| Agreed. > Mathematical concepts need not necessarily have any practical or real-life applications (pure mathematics), but it's a worthy pursuit on its own. I guess I always had a sense that this was true, but taking a formal proofs class has really opened my eyes to how true this is. I'm actually planning on doing abstract algebra because I've enjoyed proof writing a ton! > It's that they don't know where to look for the mathematics they need. Here is the failure of math education. This is a really interesting space imo, because I did try teaching myself calculus through 3blue1brown, who has super cool visualizations, but also isn't rigorous enough to apply it to complicated problems. On the other end, I also tried Khan Academy, but found it too abstract and hard to follow. Perhaps that was just since I was 14 at the time, and now I'm better at symbolic reasoning. Yet, there's something so enticing about visualization, that I wish there was a way to have the rigour of set theory with the intuitiveness of visualization (that call is a big reason I love the work that dynamicland.org and folk.computer are doing right now). |
That's interesting! I started with abstract algebra (on my own) because I don't know the proper sequence of learning it. I guess I will give proofs a try now.
> I did try teaching myself calculus through 3blue1brown, who has super cool visualizations, but also isn't rigorous enough to apply it to complicated problems. On the other end, I also tried Khan Academy, but found it too abstract and hard to follow.
> I wish there was a way to have the rigour of set theory with the intuitiveness of visualization
Agreed! Intuition and rigour are equally important in Mathematics. The hardest part is making these two meet at some point.

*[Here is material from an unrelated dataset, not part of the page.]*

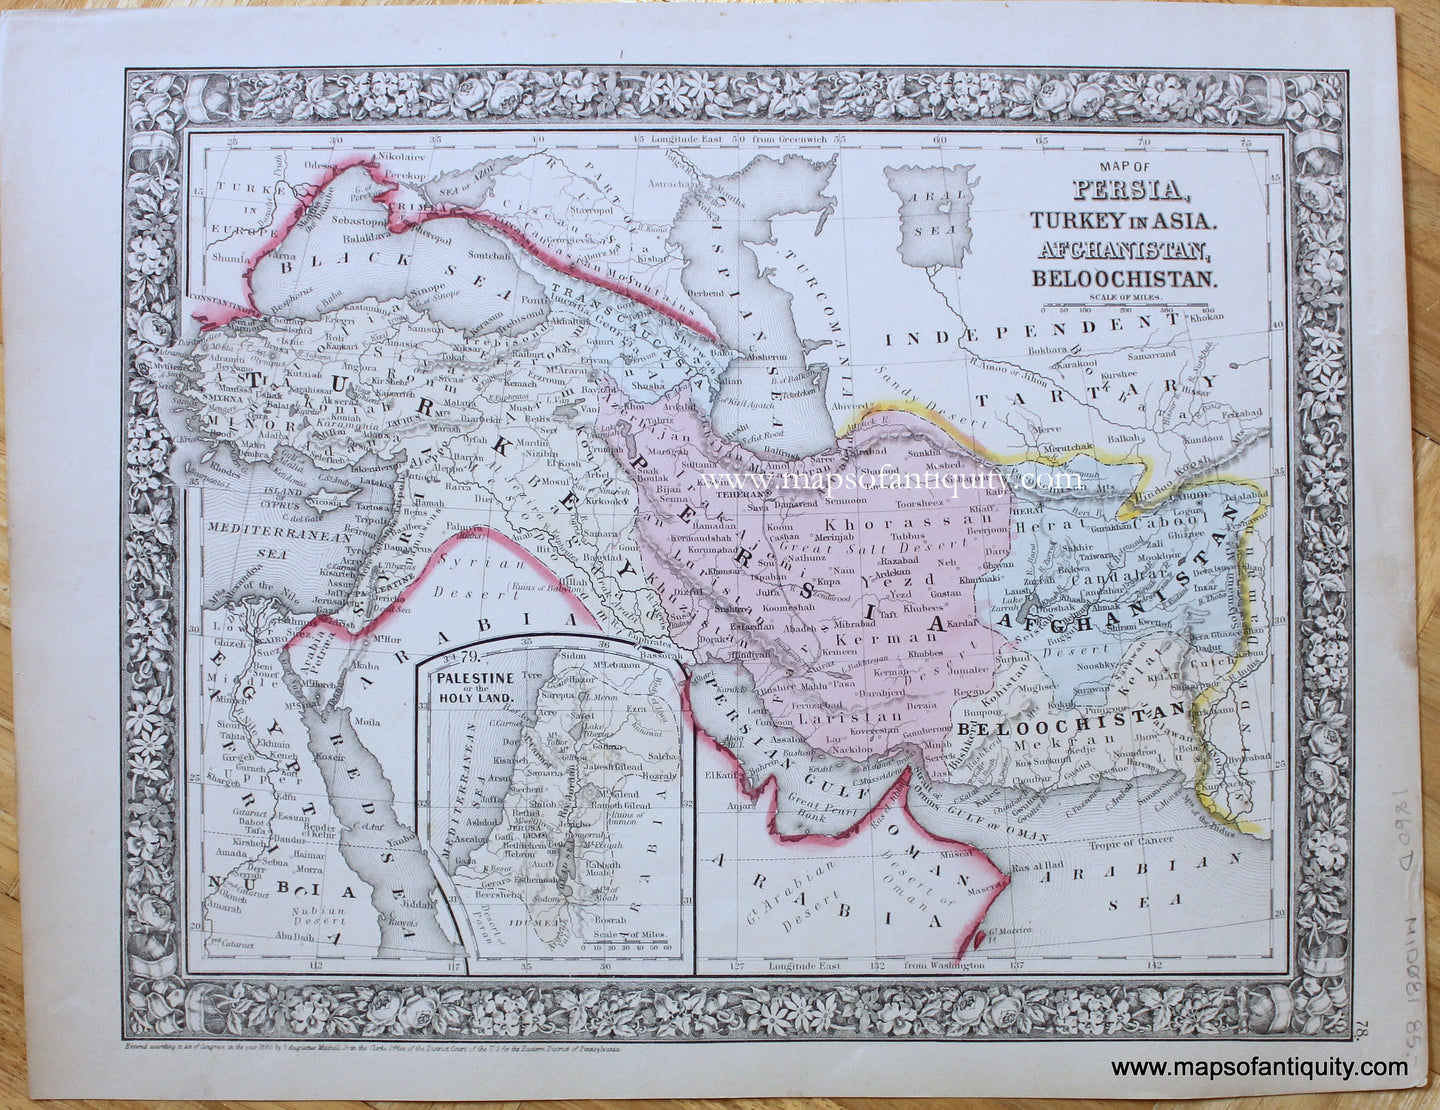 Antique-Hand-Colored-Map-Map-of-Persia-Turkey-in-Asia-Afghanistan-and-Beloochistan-(Iran)-with-inset-of-Palestine-or-the-Holy-Land.--Middle-East-and-Holy-Land-Middle-East-1860-Mitchell-Maps-Of-Antiquity

One such moment in my life was when I created a visual model of 3D vector calculus (divergence, curl, gradient, etc) and developed it far enough to explain all its rigourous treatment that I learned in my engineering class. Things just flowed from there. I suddenly gained the superpower to imagine up the explanations for phenomena like the skin effect, and then effortlessly derive their mathematical models.